If you have a walk in capable of 32F not being used I'd say you have the perfect solution. If you get it down to temp I don't see any reason to use the frozen jugs.


----------



## franc1969

cenk57 said:


> I just read the majority of this great thread! Very good information indeed. There were many mentions of "chillers" and diy cool boxes made from chest freezers. But I was wondering, would a walk in type cooler work for cold soaking and cooler ferments? If there was a mention of that here, I missed it so I would apologize. Reason being, we have a 14x14 walk in cooler in our barn that is used for storing produce in the warmer months. It can easily cool down to 32F. I ferment mostly in 20 gallon brut containers. I have never used the cooler in winemaking (don't know why). It seems like it would be a perfect answer to this. Cold soak for 2-3 days, then increase the ambient temp in the cooler to the ideal fermenting temp (or a few degrees lower). To drop the temps fast, I was thinking of tossing in a couple of frozen jugs when I place the containers in the cooler. Does anyone use a walk in cooler for this sort of thing?

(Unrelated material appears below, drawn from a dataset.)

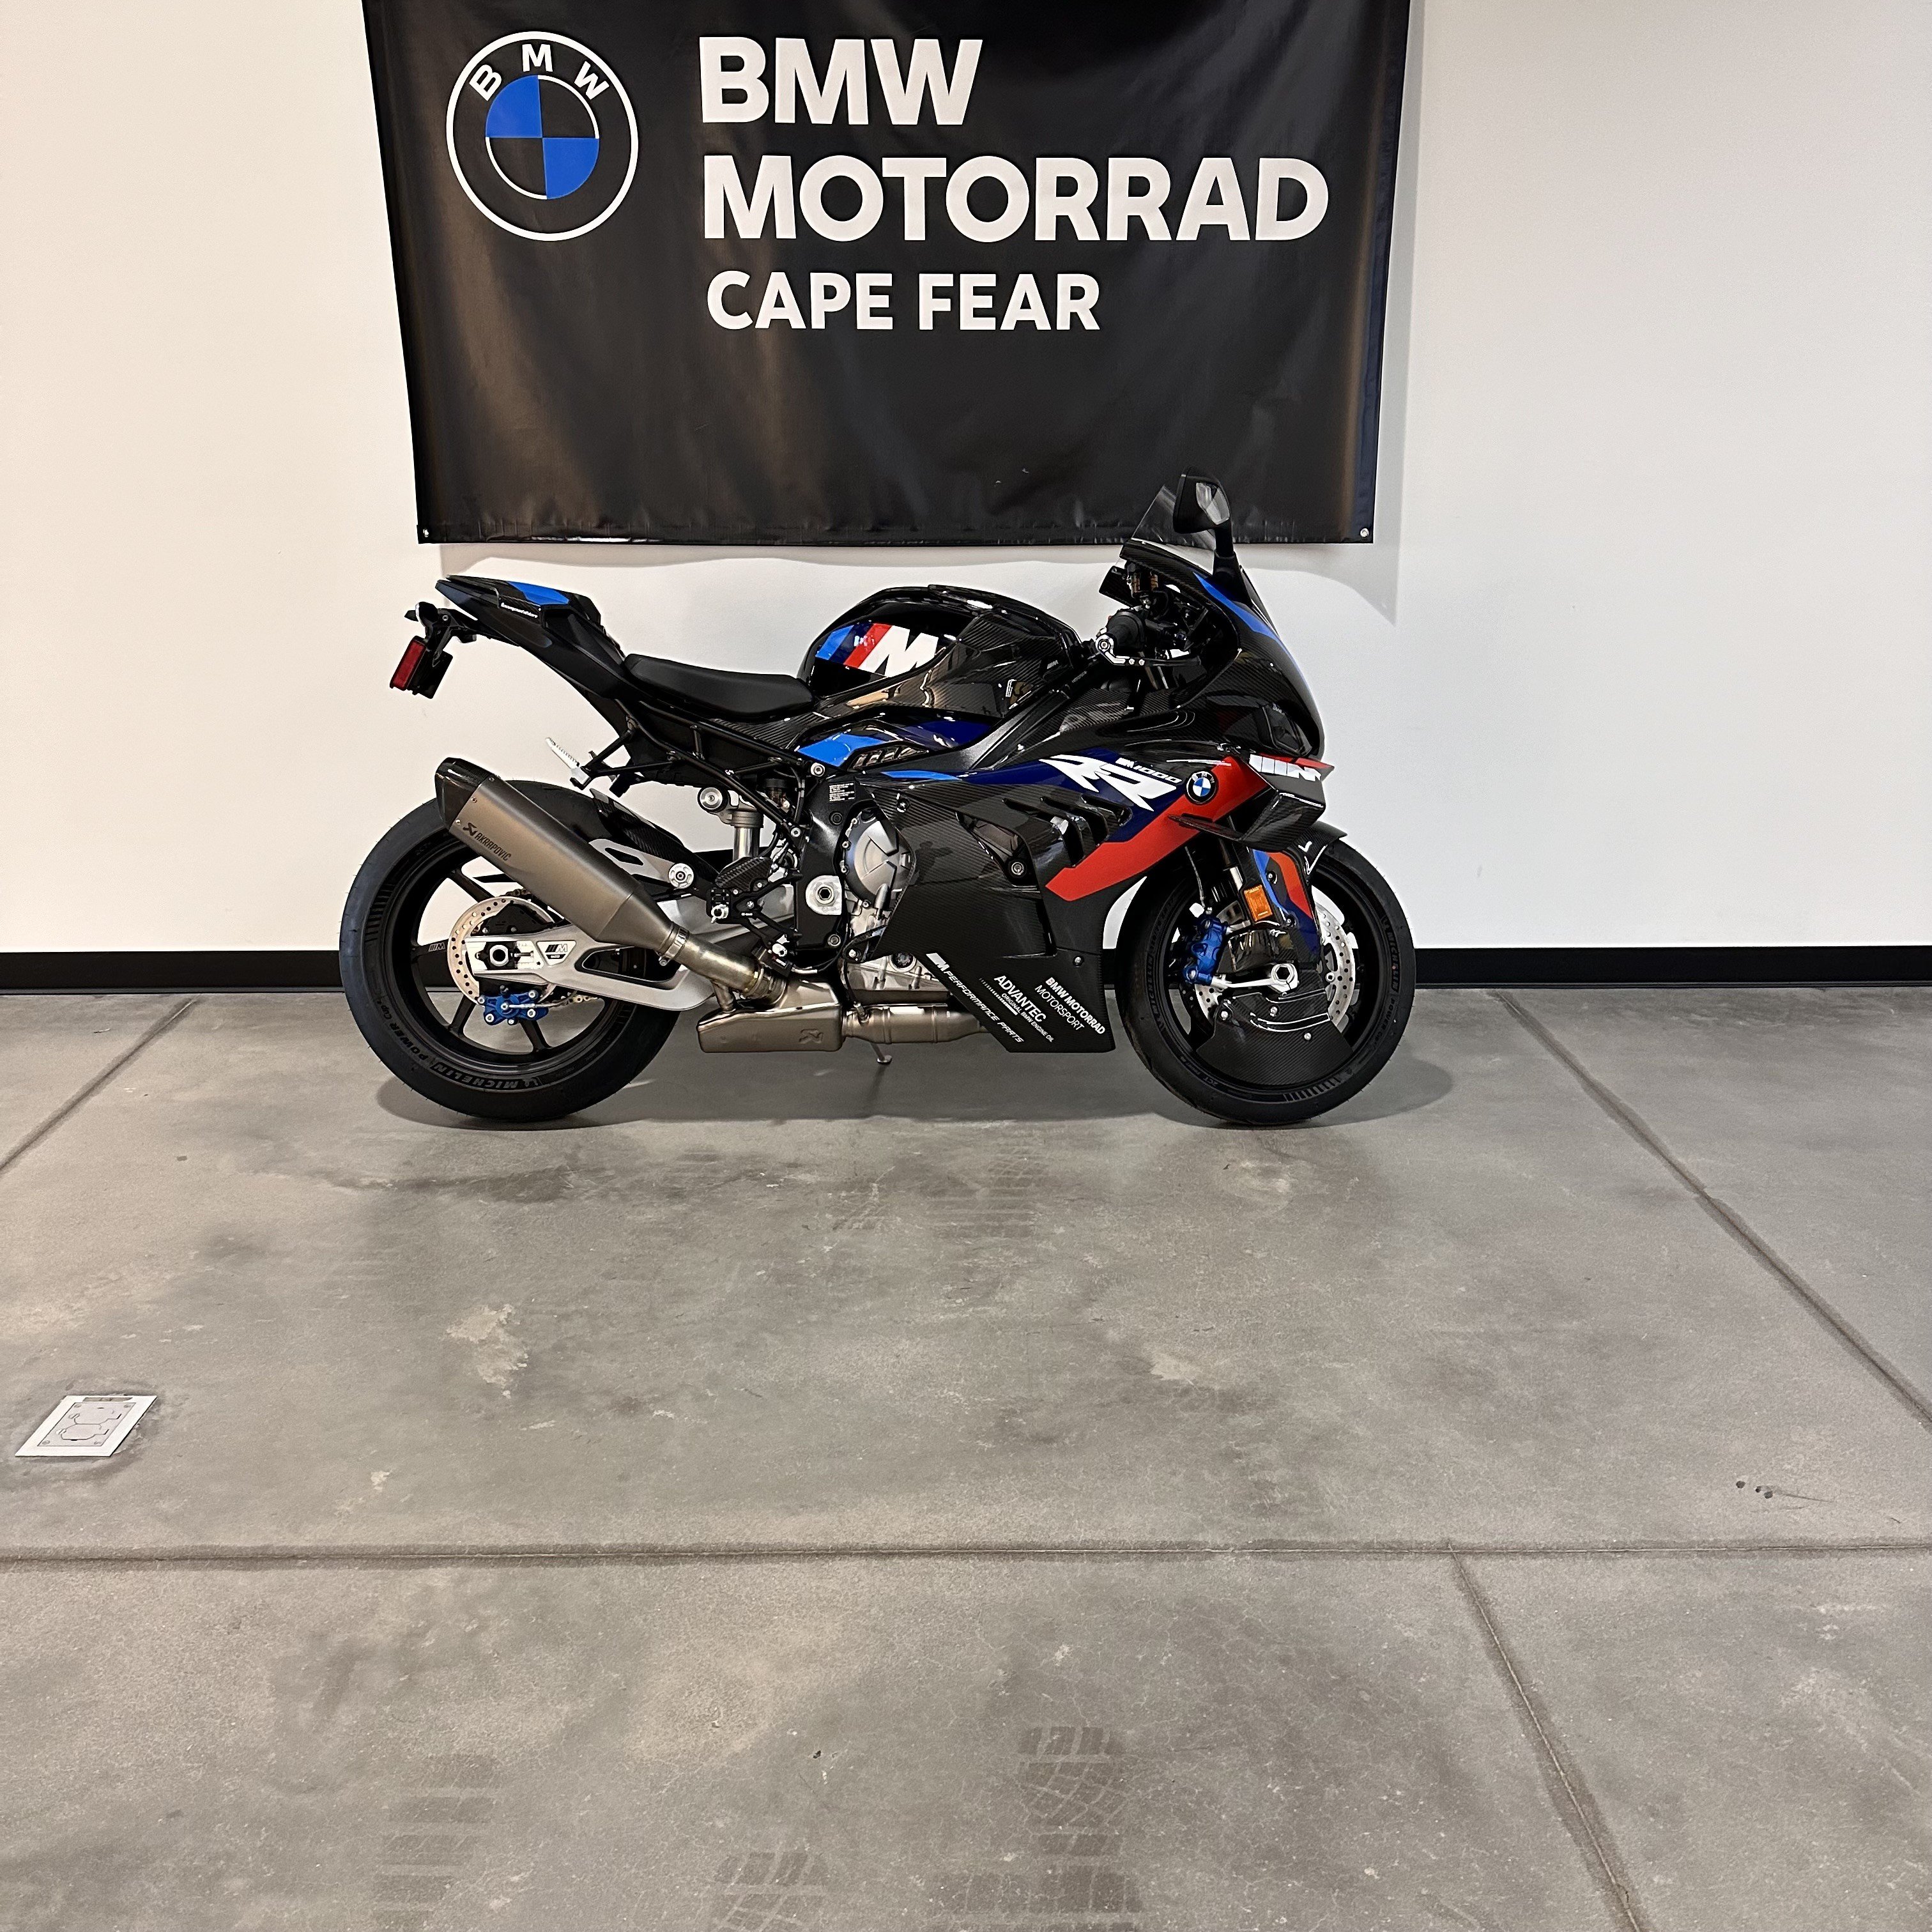 New 2023 BMW M 1000 RR BMW Motorcycles Cape Fear | Wilmington NC 28403

I would be jumping for joy! I have someone I know with a walkin in his barn, thought of asking to use it for fermentation, but for the half hour to get there.
For anyone else space challenged, I saw a flexible chest freezer/refrigerator at Costco, for something like $200? Very cheap, was looking at an upright to replace my freezer but I several of these are better. I think it was 7 cubic foot, looks like it would take two buckets or carboys. I hope they still have it when I go back in a week, I couldn't take it then.


----------



## cenk57

franc1969 said:


> I would be jumping for joy! I have someone I know with a walkin in his barn, thought of asking to use it for fermentation, but for the half hour to get there.
> For anyone else space challenged, I saw a flexible chest freezer/refrigerator at Costco, for something like $200? Very cheap, was looking at an upright to replace my freezer but I several of these are better. I think it was 7 cubic foot, looks like it would take two buckets or carboys. I hope they still have it when I go back in a week, I couldn't take it then.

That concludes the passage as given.